It is not entirely correct to say that the coronavirus pandemic has plunged the United Kingdom into an economic crisis, because the country has not yet emerged from the 2008 crisis.
This is stated in the edition “Foreign Policy”.
Twelve years ago, Britain’s economy suffered severe damage and the wounds of that financial crisis have not healed to this day. The United Kingdom has suffered one of the largest economic downturns in the G7 countries. In such circumstances, Brexit only aggravates the situation, at the same time allowing the government to divert public attention from the inability to solve strategic problems.

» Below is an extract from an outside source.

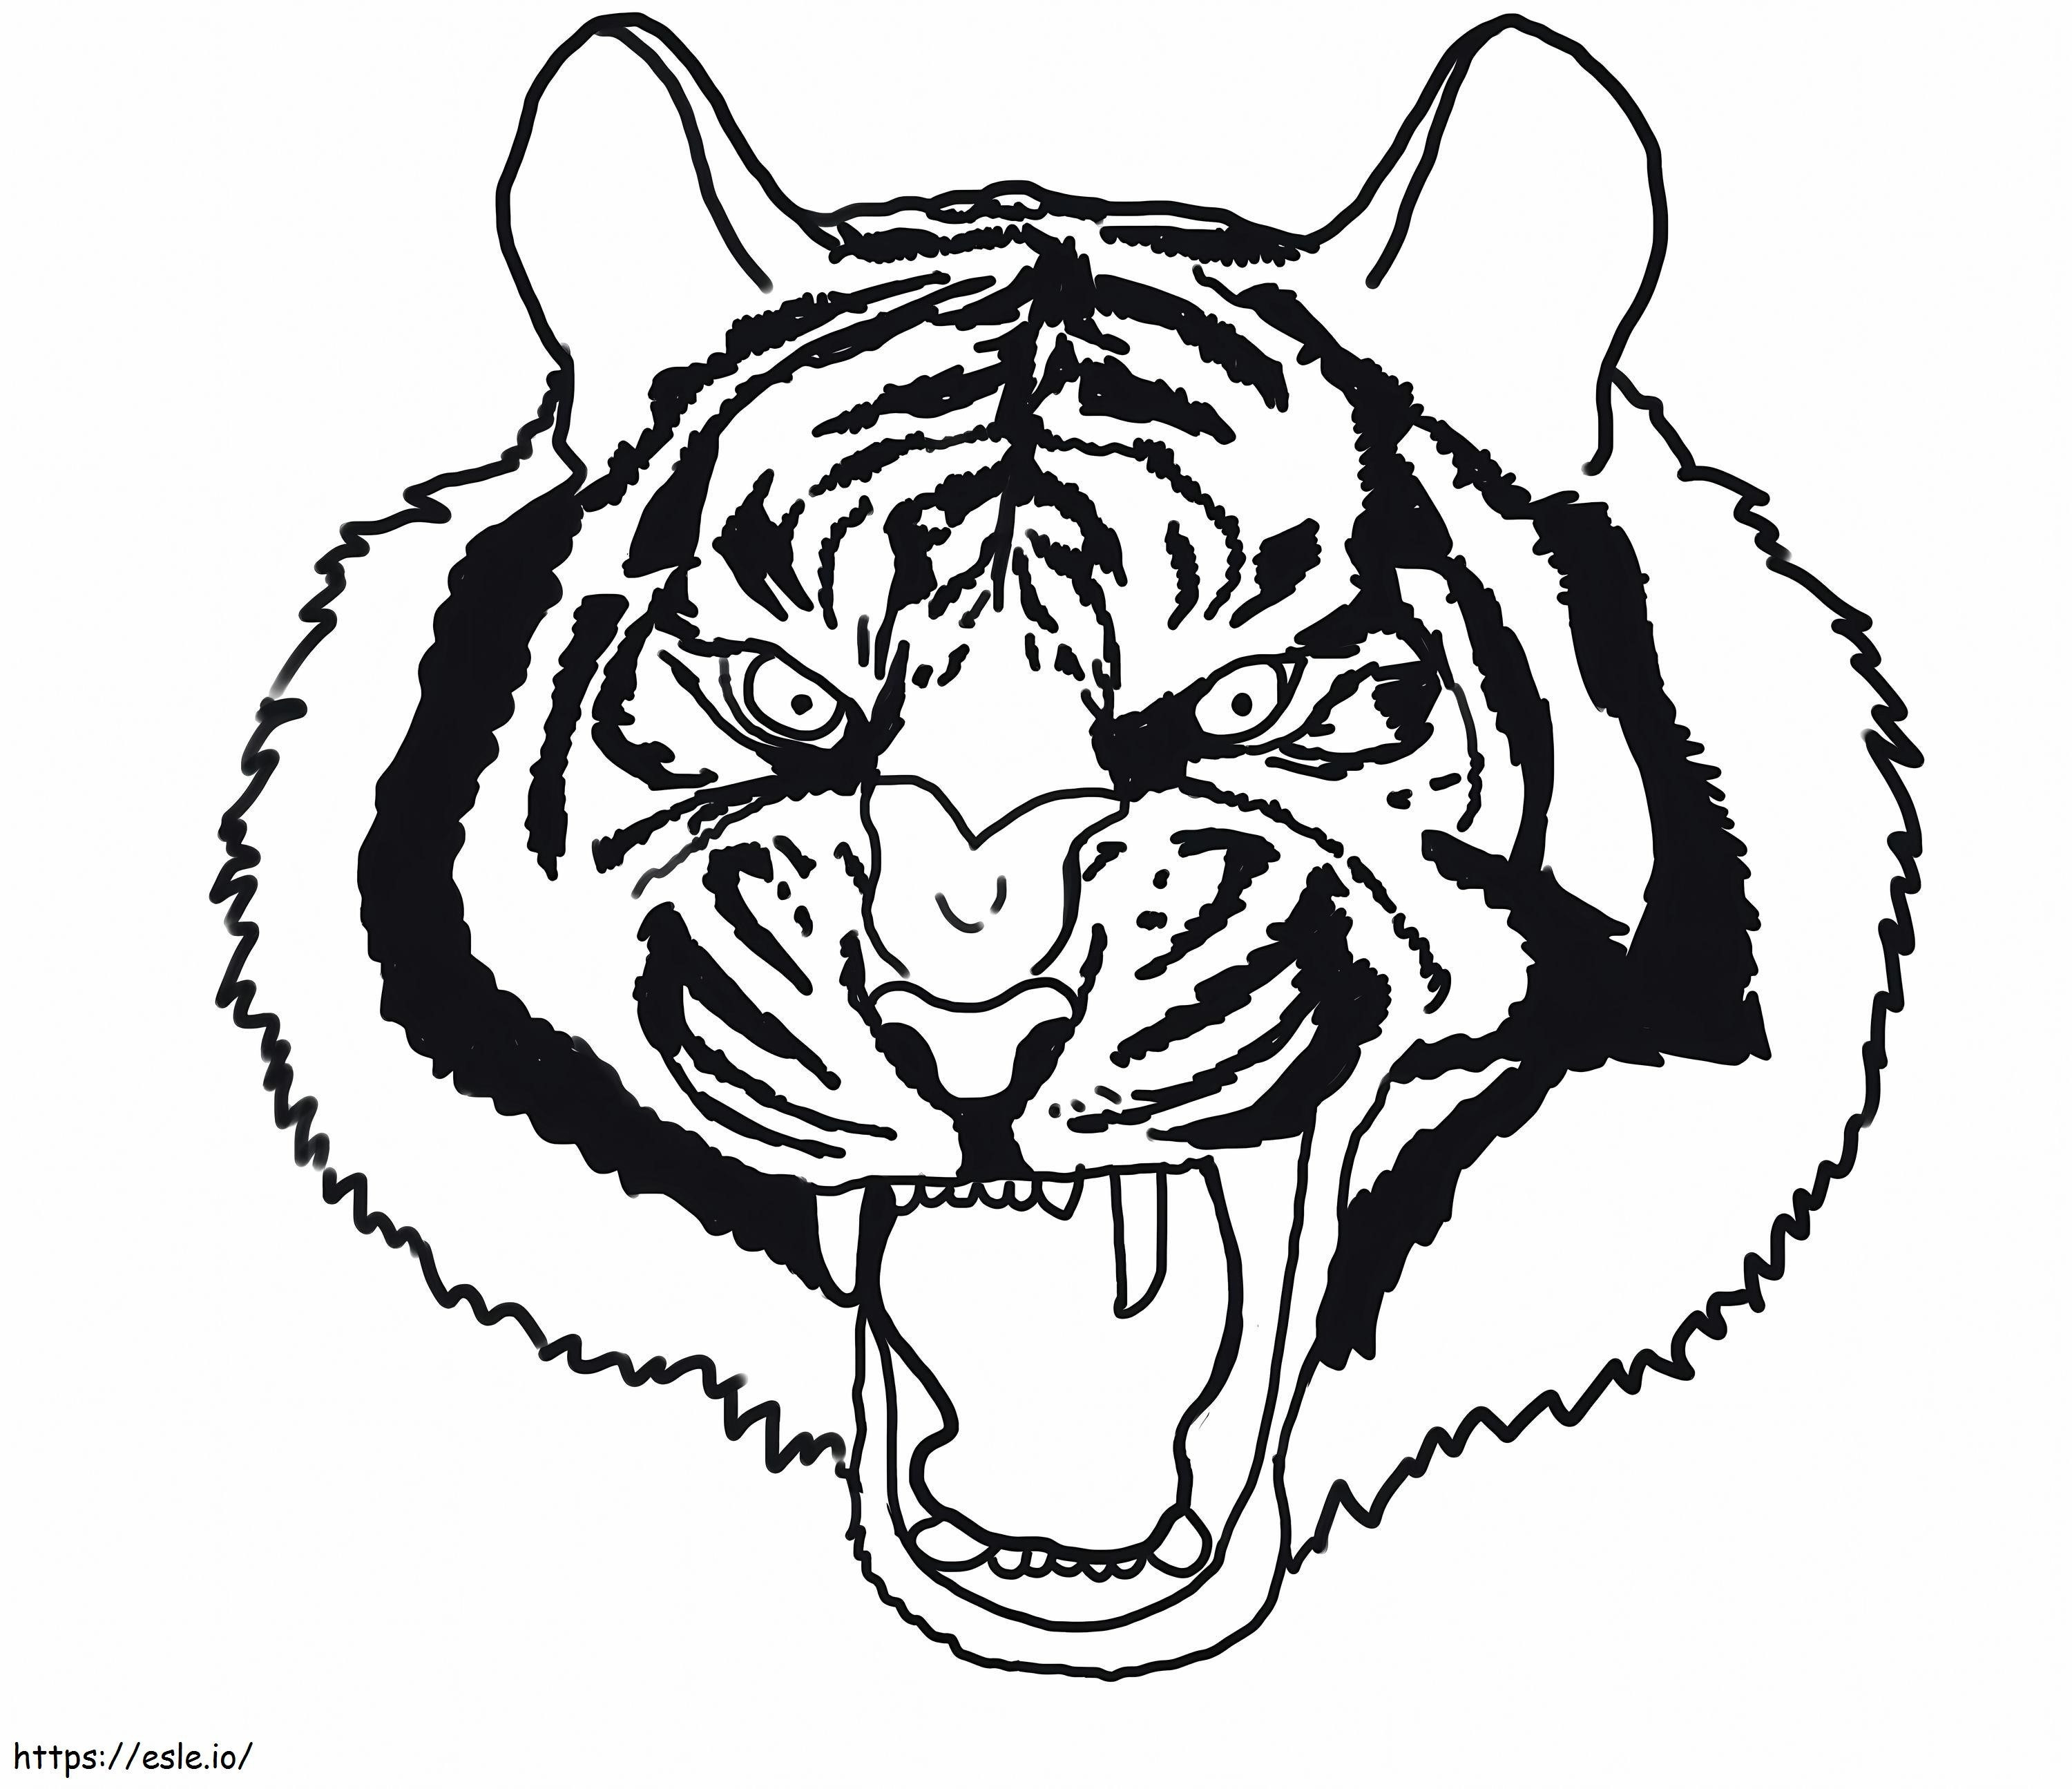 Gruseliger Tigerkopf ausmalbilder
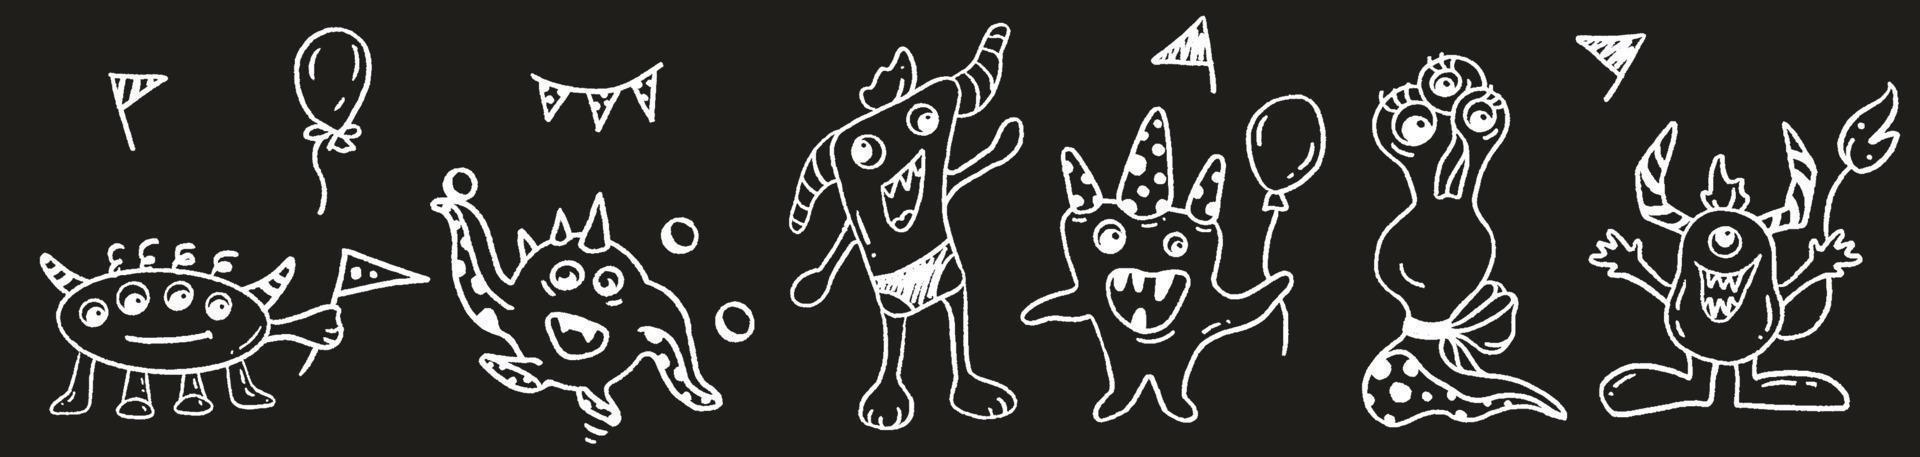 illustration vectorielle dessinée à la main en noir et blanc de 6 monstres drôles vecteur

The United Kingdom’s financial economy never recovered from the 2008 crisis. Production growth has practically stalled, and the post-industrial northern regions continue to lag behind the southern ones. The coronavirus pandemic has clearly caught Britain at the most inopportune moment, writes FP. In the second quarter of 2020, economic activity declined by about one-fifth. Prolonged quarantines and dependence on the hard-hit retail, leisure and hospitality sectors have played a tragic role.
In the coming months, the state support program will be terminated, and the country will be swept by a wave of layoffs and bankruptcies.
“So the prospects for a speedy recovery look bleak. And that’s even without considering the risk of new waves of COVID-19, a disorderly Brexit without a deal, or a tax hike to manage its massive $2.6 trillion debt”, – the report says.
Britain will seriously lag behind other countries in the recovery process and will return to pre-crisis levels of gross domestic product around 2022.